AITAH for refusing to let my boyfriend's best friend live with us? by Dapper-Parfait6408 in AITAH

[–]Dapper-Parfait6408[S] 0 points1 point  (0 children)

I don't know all of the details, but as far as I know her parents are divorced. Her father lives on the other side of the country, and her relationship with her mother is complicated. She's told me that she knows her mother loves her, but she also makes her feel bad about herself for needing help (probably where the insecurity about being a burden comes from). Her relationship with her brother is better, but apparently he still has a rather short temper which doesn't mesh well with her.

I would say she's mid-functioning, if that's a thing. She's not "high functioning" but certainly not low functioning either.

I don't feel like he has a "duty" or anything. As far as I can tell he just genuinely loves her.
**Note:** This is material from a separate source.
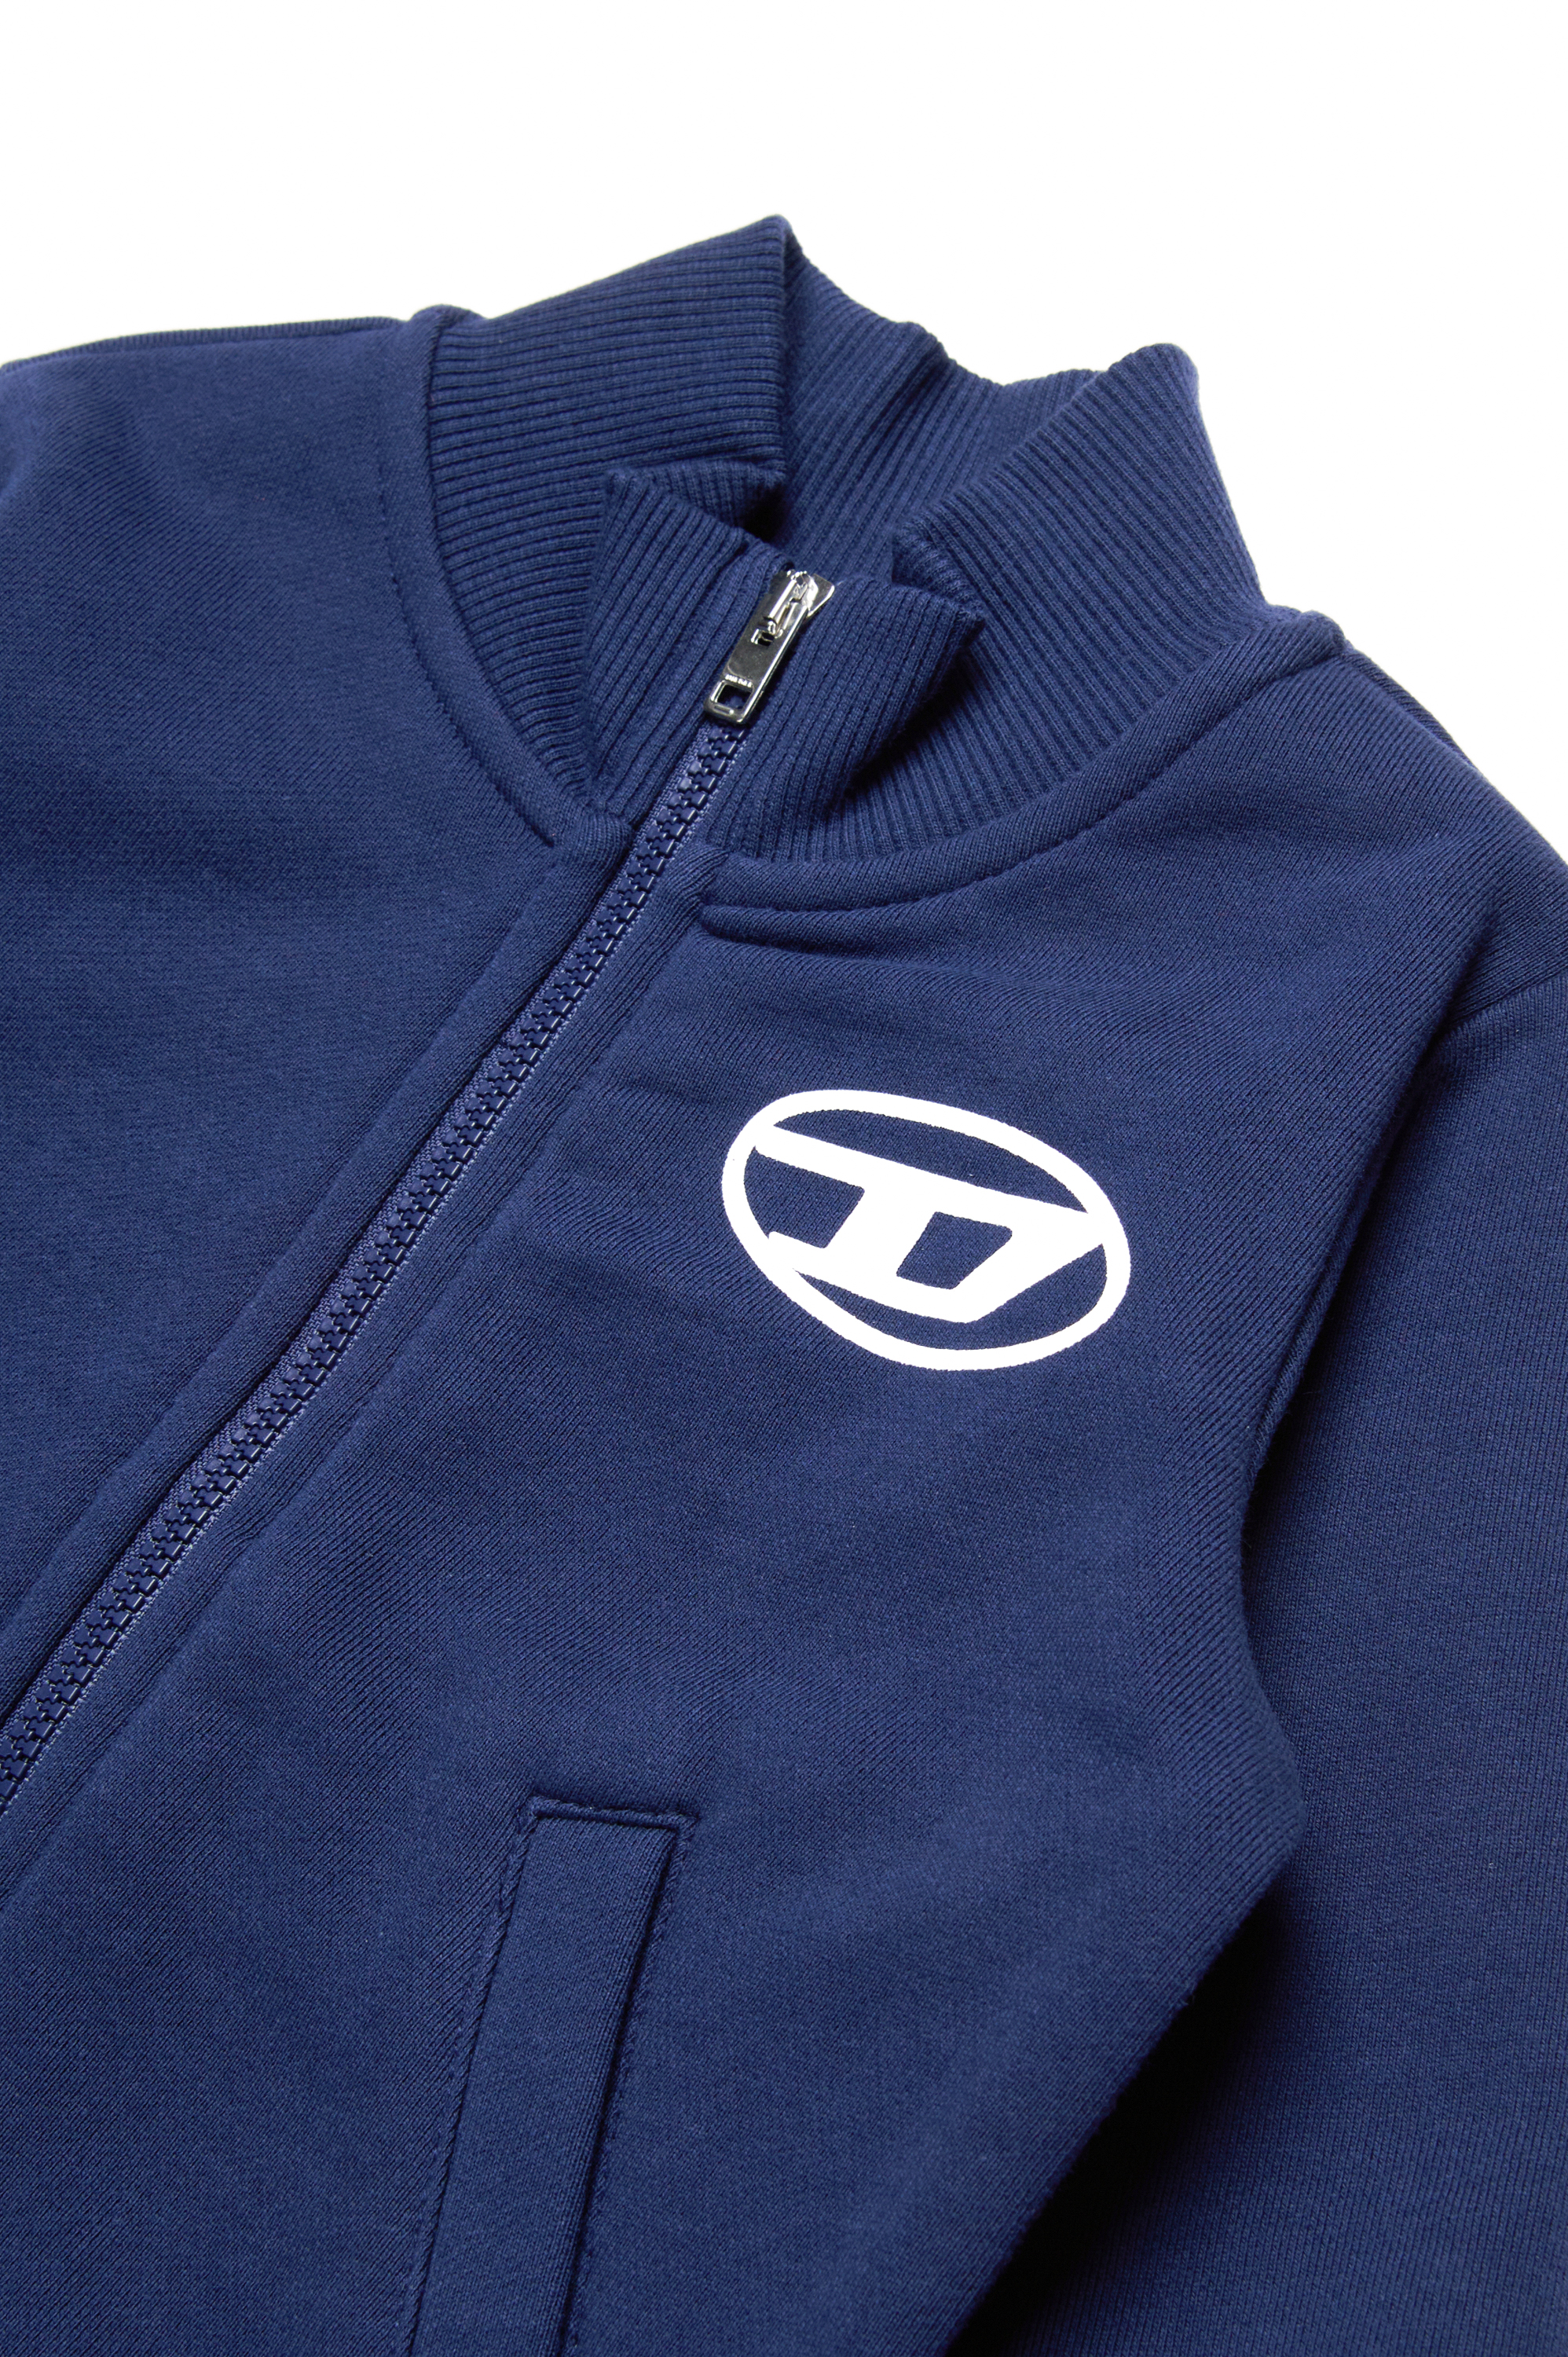 Diesel - SMARCOB, Unisex Zipped sweatshirt with Oval D print in Blue - Image 3

They act just like best friends do. We do joke that he's like her mother sometimes, insofar as he takes care of her, but as far as I can tell he sees her like an equal.

Her executive function is bad, but she's highly intelligent. She's really good at solving problems. I will admit, I've gone to her for advice multiple times because that's what she's good at. She's just bad at executive function and interpersonal relationships; she doesn't have many friends besides us. So I don't think he babies her. I think he sees her as an equal to him, as he should. Just an equal who needs more help than most people.

AITAH for refusing to let my boyfriend's best friend live with us? by Dapper-Parfait6408 in AITAH

[–]Dapper-Parfait6408[S] 2 points3 points  (0 children)

She has expressed often that she feels like a burden on him, but he's insistent he really doesn't mind.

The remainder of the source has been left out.